Perto dos chuveiros ficam as barracas e ali acabo conhecendo um rapaz que se
envolve comigo. Entre sucos e banhos de mar, um dia eu o convido para ir à
cabana da qual eu tinha a chave. Ele topa, certo de que aquele era meu
alojamento.
Vamos para a cabana. No andar superior encontro uma mala com dólares. Passo
umas notas para ele, para que compre algumas roupas. Escolho uma sandália, uma
pulseira, calça e blusa brancas. Por coincidência, o tamanho das peças é o
meu.
Tudo parece funcionar como num passe de mágica.
Saímos, pegamos uma carona e seguimos para uma festa. Me lembro de um homem,
um mendigo, que pedia uns trocados para quem entrava. Era alto, magro, o cabelo
castanho-escuro, a pele clara. Eu o encaro. Ele percebe a insistência do meu
olhar. Minha mente viaja alto e mais uma vez se inicia o processo de luta contra
o Mal.
Sim, aquele homem era a encarnação do Maligno. A cada instante meu olhar é
mais mortífero, mas desta vez a vítima reage. Quando menos espero, ele me dá uma
bofetada. Meu acompanhante não percebe nada, aceito a agressão de forma
silenciosa. O mendigo me olha como se dissesse: “Toma, vadia!” Entro na festa,
mas não me sinto vencida.
Não lembro do que aconteceu naquele lugar, devo ter dançado alucinadamente.

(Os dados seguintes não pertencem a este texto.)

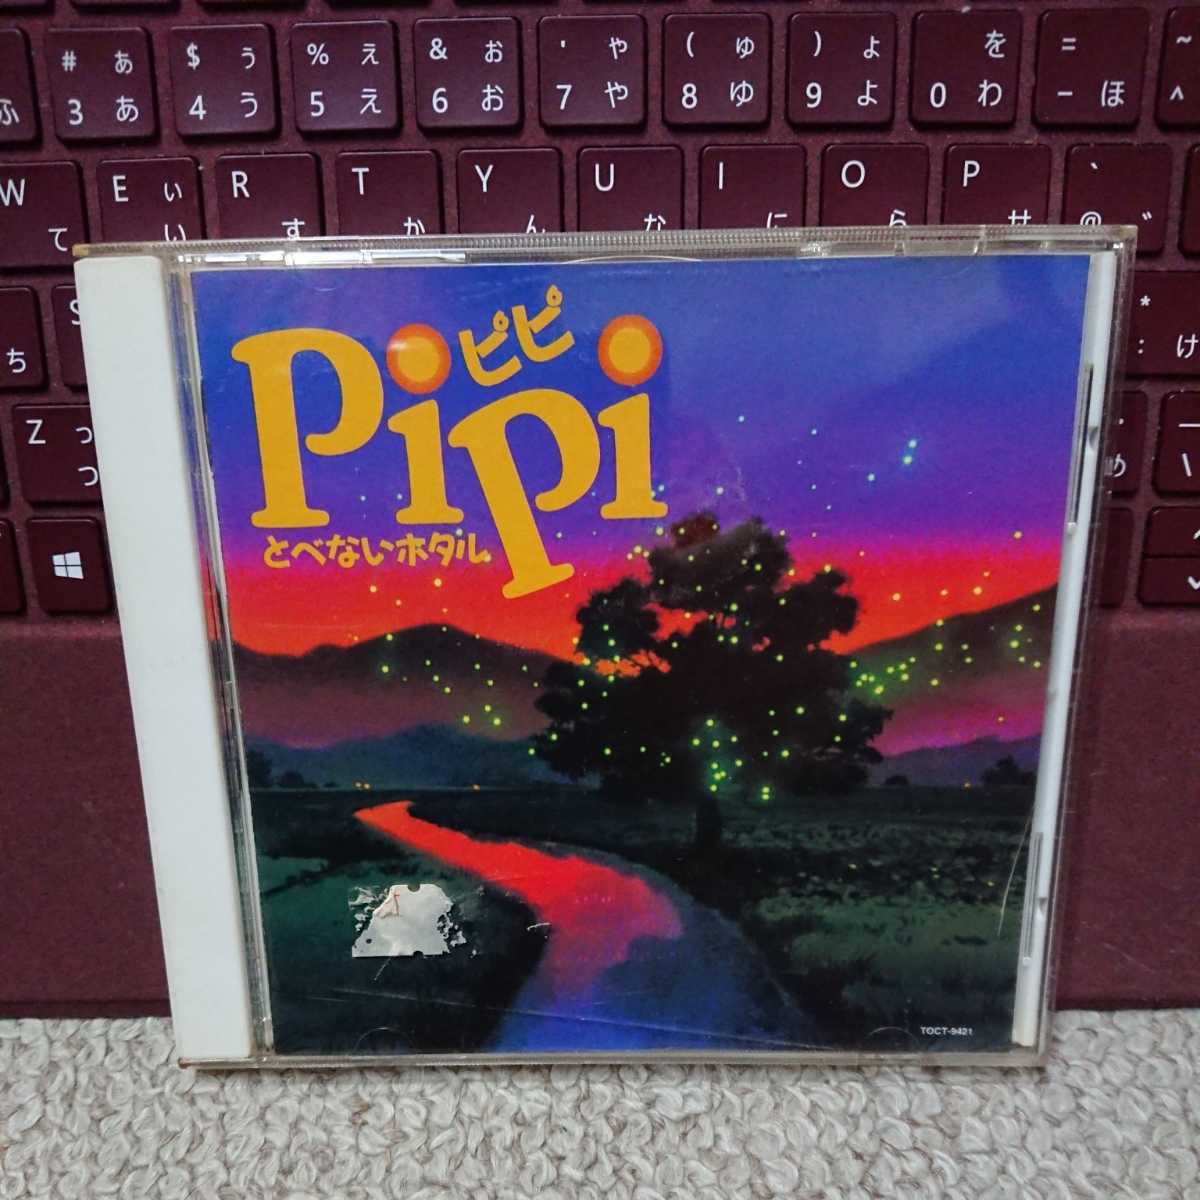 長編アニメーション映画 「PIPI ピピ とぺないホタル 」 オリジナルサウンドトラック。プロモ用見本盤です。ブックレットあり。_画像1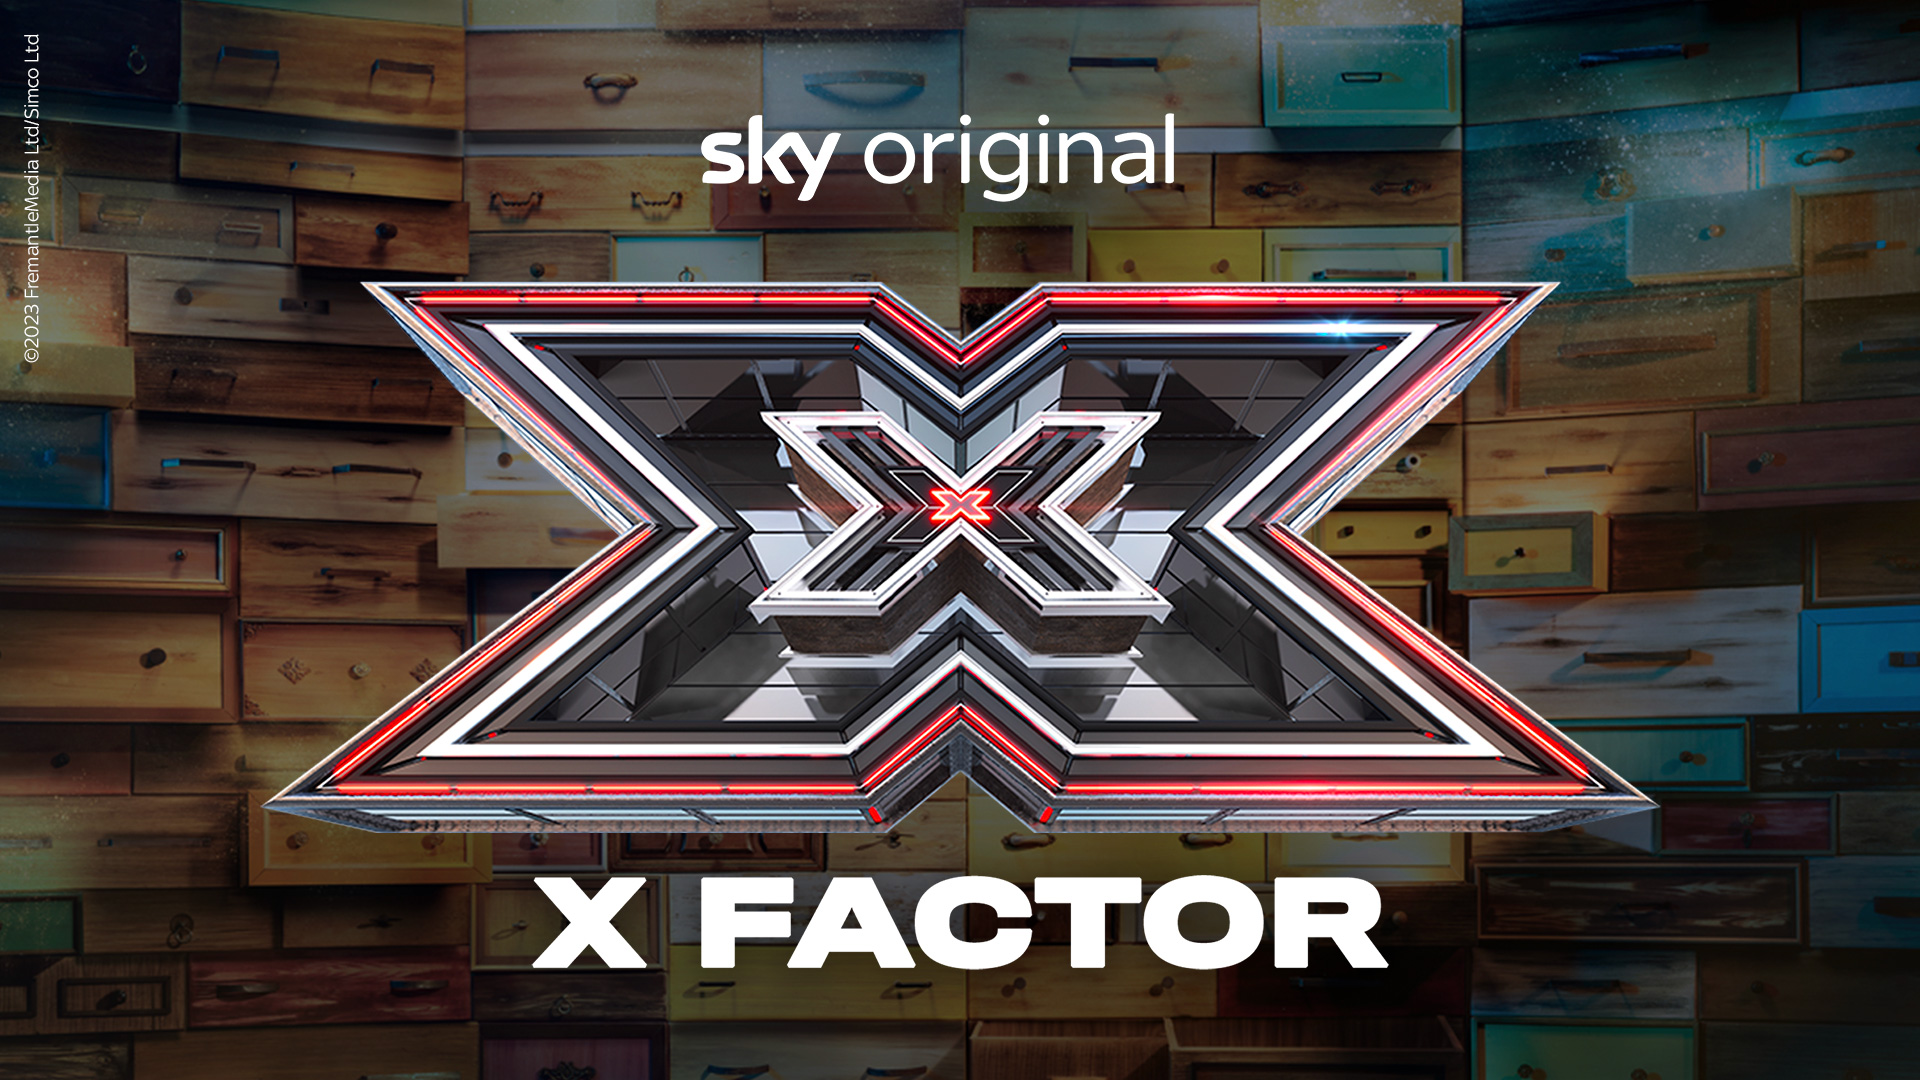 RTL 102.5 è la radio ufficiale di X Factor 2023

Só recordo a volta: era de dia, eu e o rapaz, mortos de cansaço, sacolejávamos
dentro de um ônibus. Cochilamos e perdemos o ponto, tivemos de descer em
Mariscal, uma praia depois de Quatro Ilhas. O cara se zanga por eu ter dormido,
me culpa por precisarmos enfrentar um trajeto longo. Fica ainda mais furioso
quando me oferece cocaína e eu recuso. Ele havia comprado um tanto e pretendia
revender. Apesar de toda a raiva, não se afasta de mim e voltamos a Quatro
Ilhas.
O cansaço da noite anterior é agravado pela fome e pelo sol. Andamos sem
conversar, rumo à cabana. Tudo parece tranquilo, como um dia qualquer – muito
calor, horário de almoço, pouca gente na rua. Enfio a chave na fechadura e a
realidade dá uma guinada.
De repente surge polícia de tudo que é lado. Na cabana, os legítimos
ocupantes. A dona das roupas que eu vestia me chama de vagabunda, um homem que
parecia ser seu marido me pega pelo pescoço e me levanta no ar. Tenho a sensação
de que pretende me estrangular, mas ele me solta.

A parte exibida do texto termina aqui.